DatetimeIndex(['2023-03-31 23:59:59.999999999',
               '2023-06-30 23:59:59.999999999'],
              dtype='datetime64[ns]', freq='Q-DEC')

In this example, we create a quarterly PeriodIndex starting from the first quarter of 2023. By accessing the end_time property, we obtain the ending dates and times for each quarter included in the PeriodIndex.

Method 3: Using Period Objects and end_time

Alternatively, one can loop over individual Period objects within a PeriodIndex and extract the end_time for each. Though less efficient for large Indices, it offers granular control over the process.

Here’s an example:

import pandas as pd

# Create a PeriodIndex for a few days
periods = pd.period_range(start='2023-01-01', periods=3, freq='D')

# Iterate over periods and get end times
end_times = [period.end_time for period in periods]

print(end_times)

Output:

[Timestamp('2023-01-01 23:59:59.999999999'),
 Timestamp('2023-01-02 23:59:59.999999999'),
 Timestamp('2023-01-03 23:59:59.999999999')]

This method involves iterating over each Period object in the PeriodIndex and retrieving its end_time. The result is a list of Timestamps representing the end of each day in the period range.

Method 4: Custom Function with period_range

A custom function can be defined to operate on a series of period objects, which can be versatile for various operations, including extracting end times.

Here’s an example:

import pandas as pd

def get_end_times(period_index):
    return [period.end_time for period in period_index]

# Example usage
periods = pd.period_range(start='2023-W01', periods=2, freq='W-SUN')
end_times = get_end_times(periods)

print(end_times)

Output:

[Timestamp('2023-01-07 23:59:59.999999999'),
 Timestamp('2023-01-14 23:59:59.999999999')]

The defined function get_end_times receives a PeriodIndex and returns a list with the end times of each period. It uses list comprehension internally to iterate over the PeriodIndex. This approach gives flexibility in processing PeriodIndex objects.

Bonus One-Liner Method 5: Lambda with map

A succinct one-liner solution utilizes the map function with a lambda function to apply end_time on each element of the PeriodIndex.

Here’s an example:

import pandas as pd

# Create a PeriodIndex for several hours
periods = pd.period_range(start='2023-01-01 00:00', periods=3, freq='H')

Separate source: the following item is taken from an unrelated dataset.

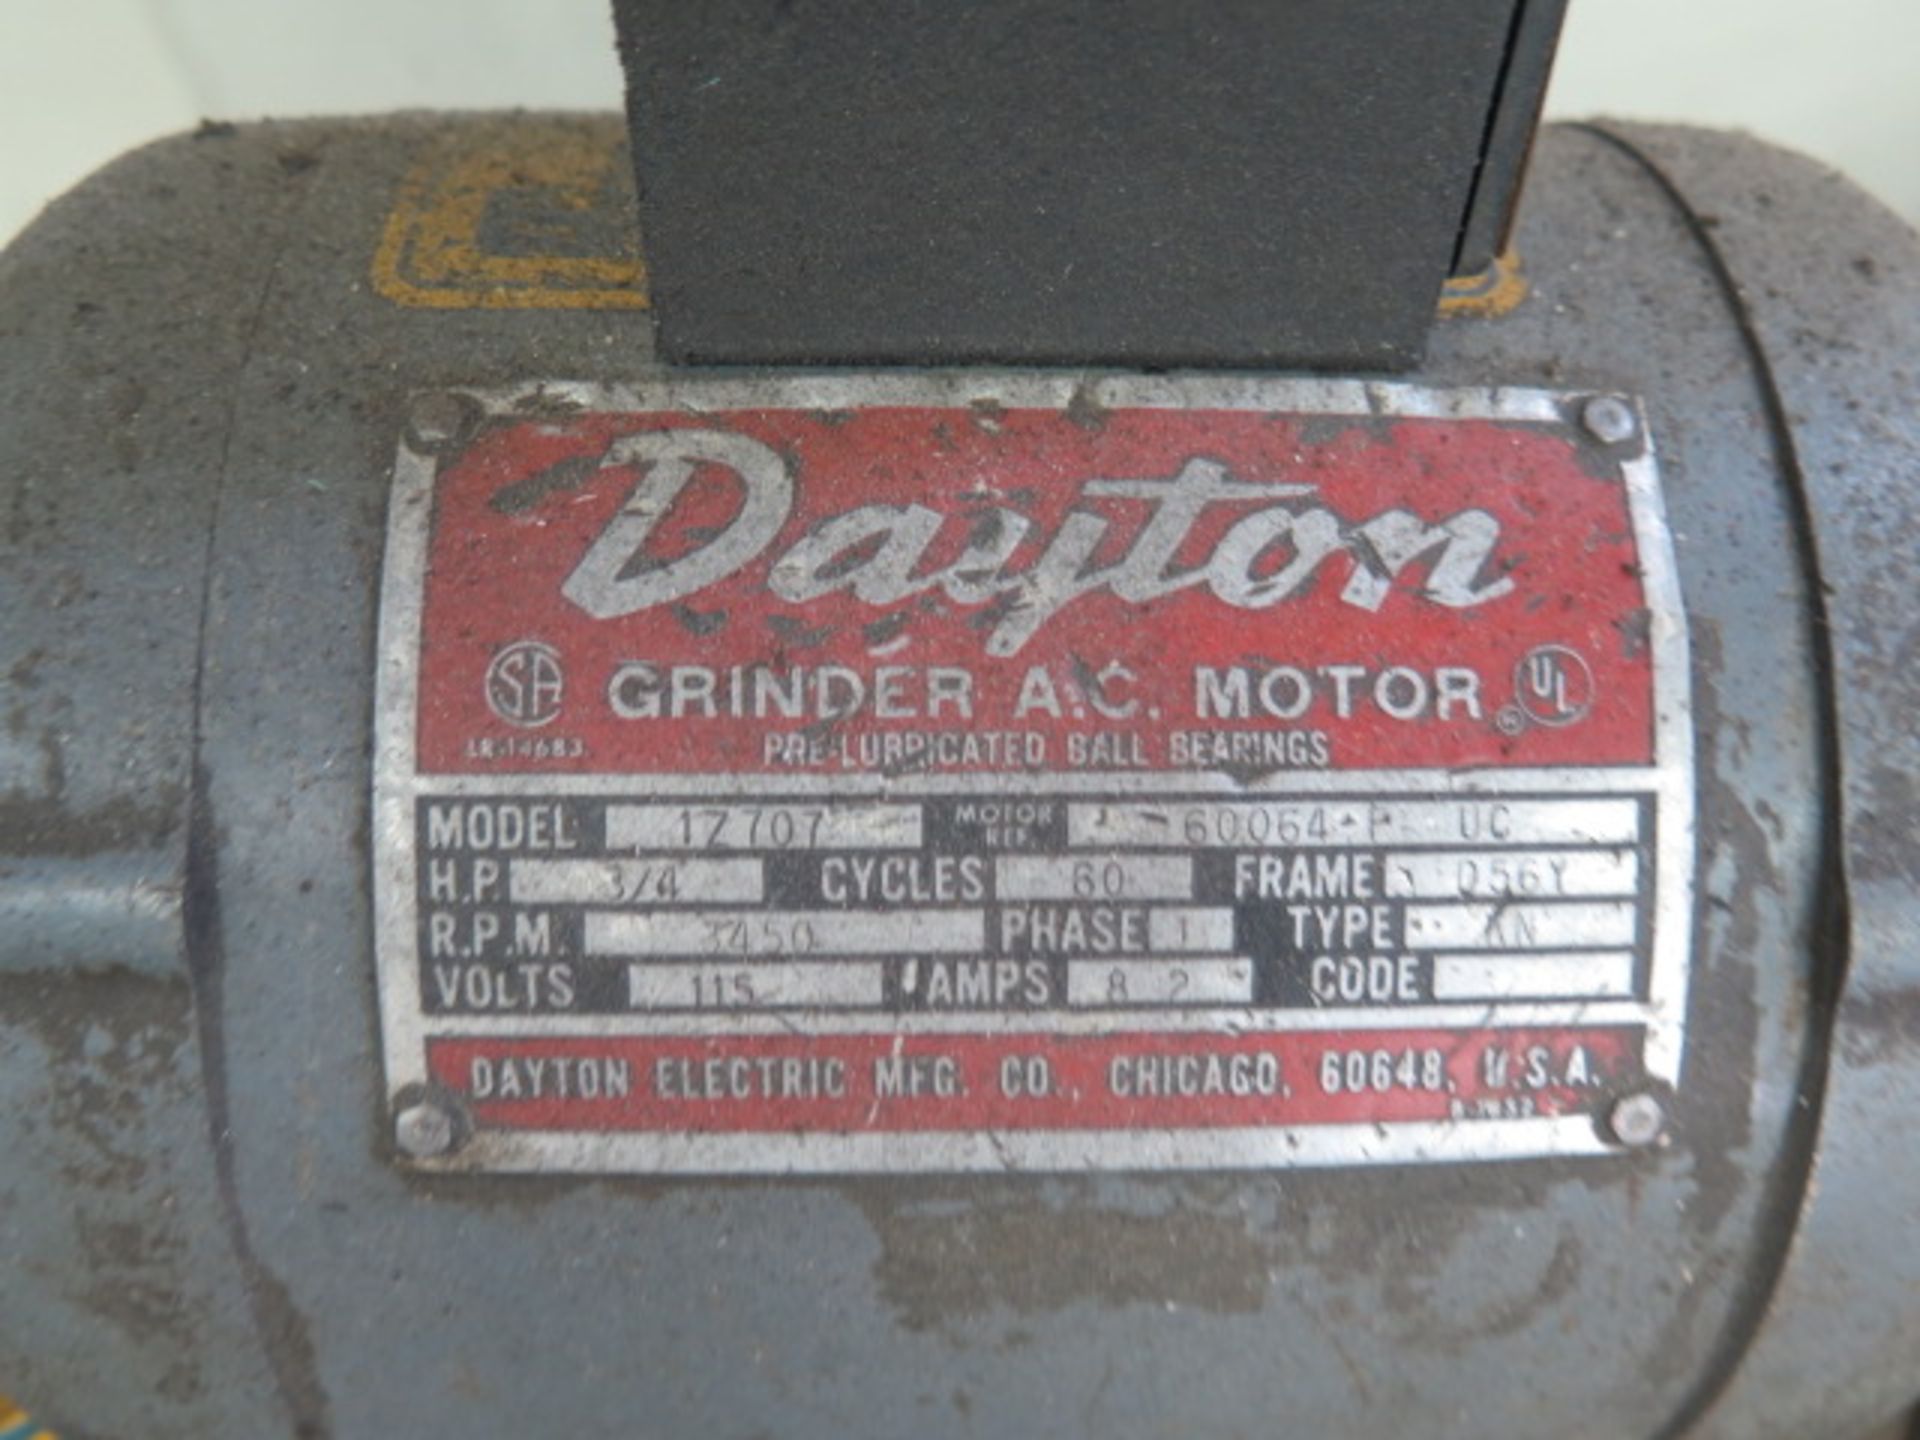 Dayton 8” Pedestal Grinder (SOLD AS-IS - NO WARRANTY) - Image 5 of 5

# One-liner to get the end times
end_times = list(map(lambda p: p.end_time, periods))

print(end_times)

Output:

[Timestamp('2023-01-01 00:59:59.999999999'),
 Timestamp('2023-01-01 01:59:59.999999999'),
 Timestamp('2023-01-01 02:59:59.999999999')]

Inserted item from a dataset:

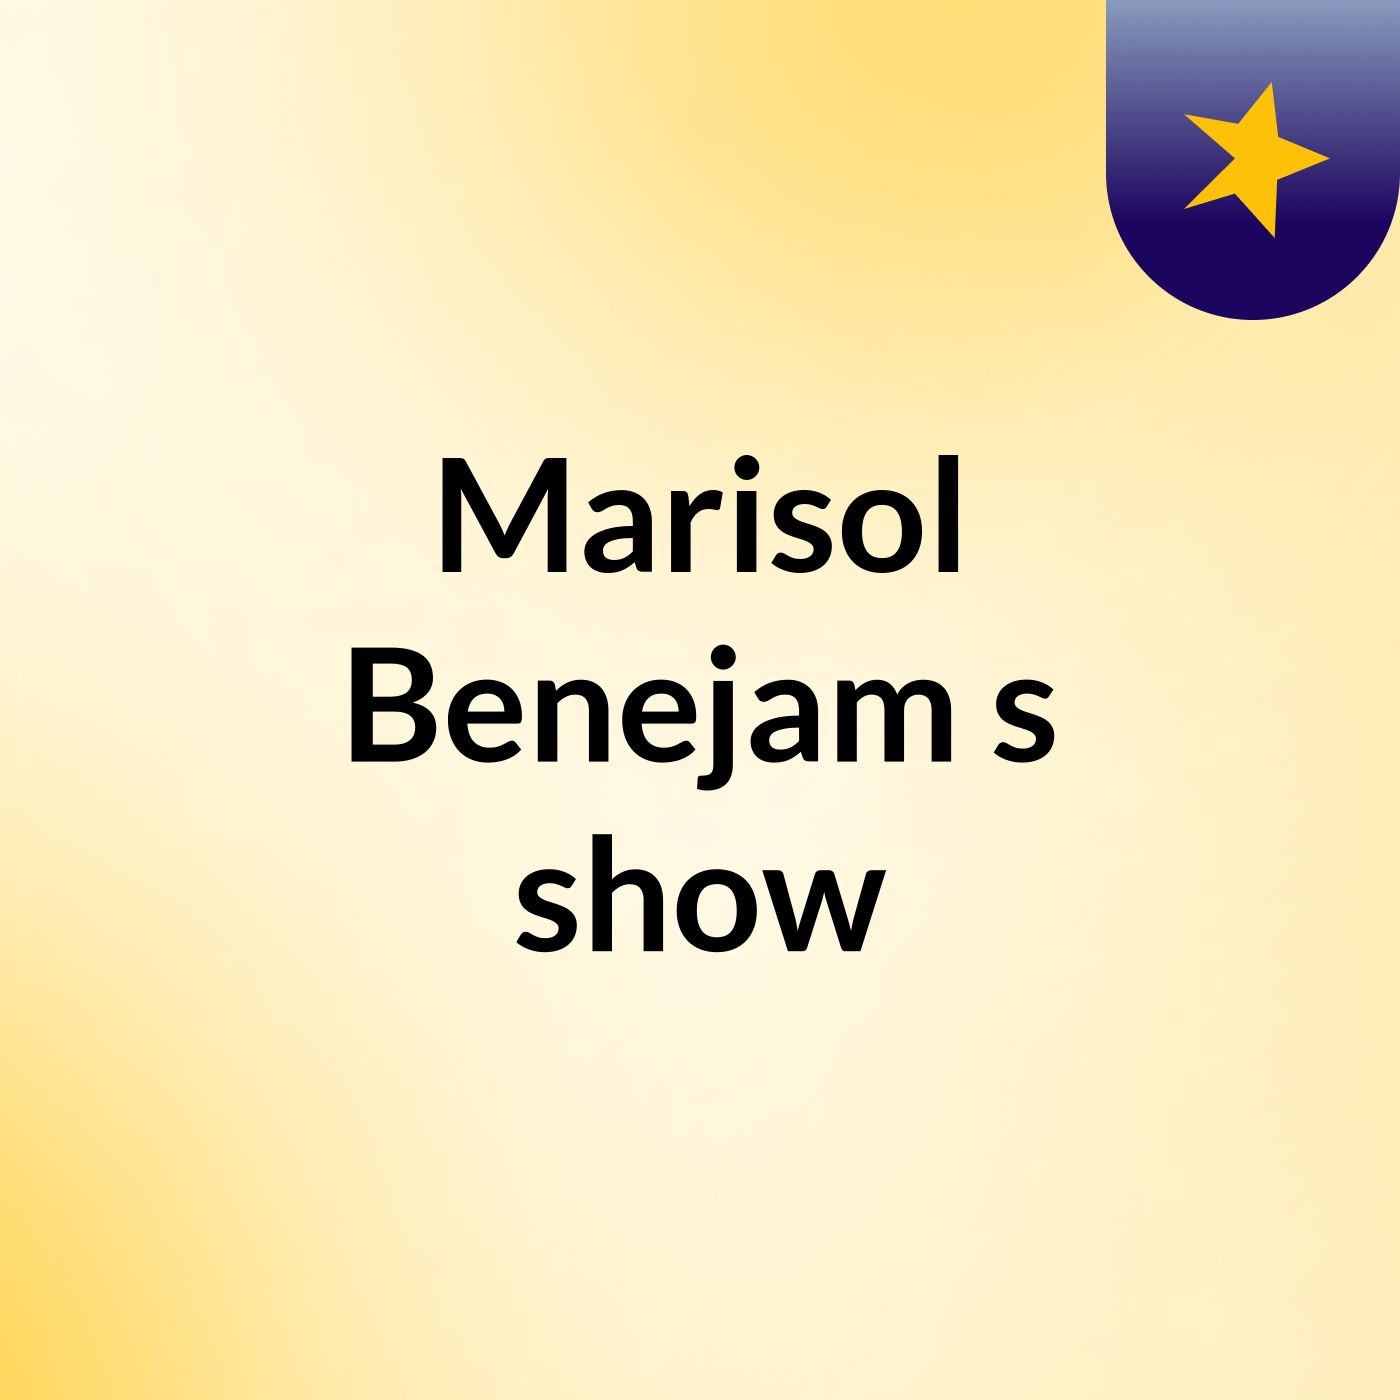 Marisol Benejam's show

This concise example uses map to apply a lambda function extracting the end_time of each period. The result is a list of Timestamps indicating the end of each hourly period.

Summary/Discussion

  • Method 1: to_timestamp with how='end'. Easy and direct, suitable for all sizes of PeriodIndex. May not offer control over individual periods.
  • Method 2: Accessing end_time Property. Very straightforward and no need for additional methods. Limited to built-in functionality.
  • Method 3: Looping over Period objects. Provides granular control, but less efficient for larger data sets.
  • Method 4: Custom Function. Offers flexibility and reusability but requires more code than other methods.
  • Method 5: Lambda with map. Compact and Pythonic; however, readability may suffer for those unfamiliar with functional programming paradigms.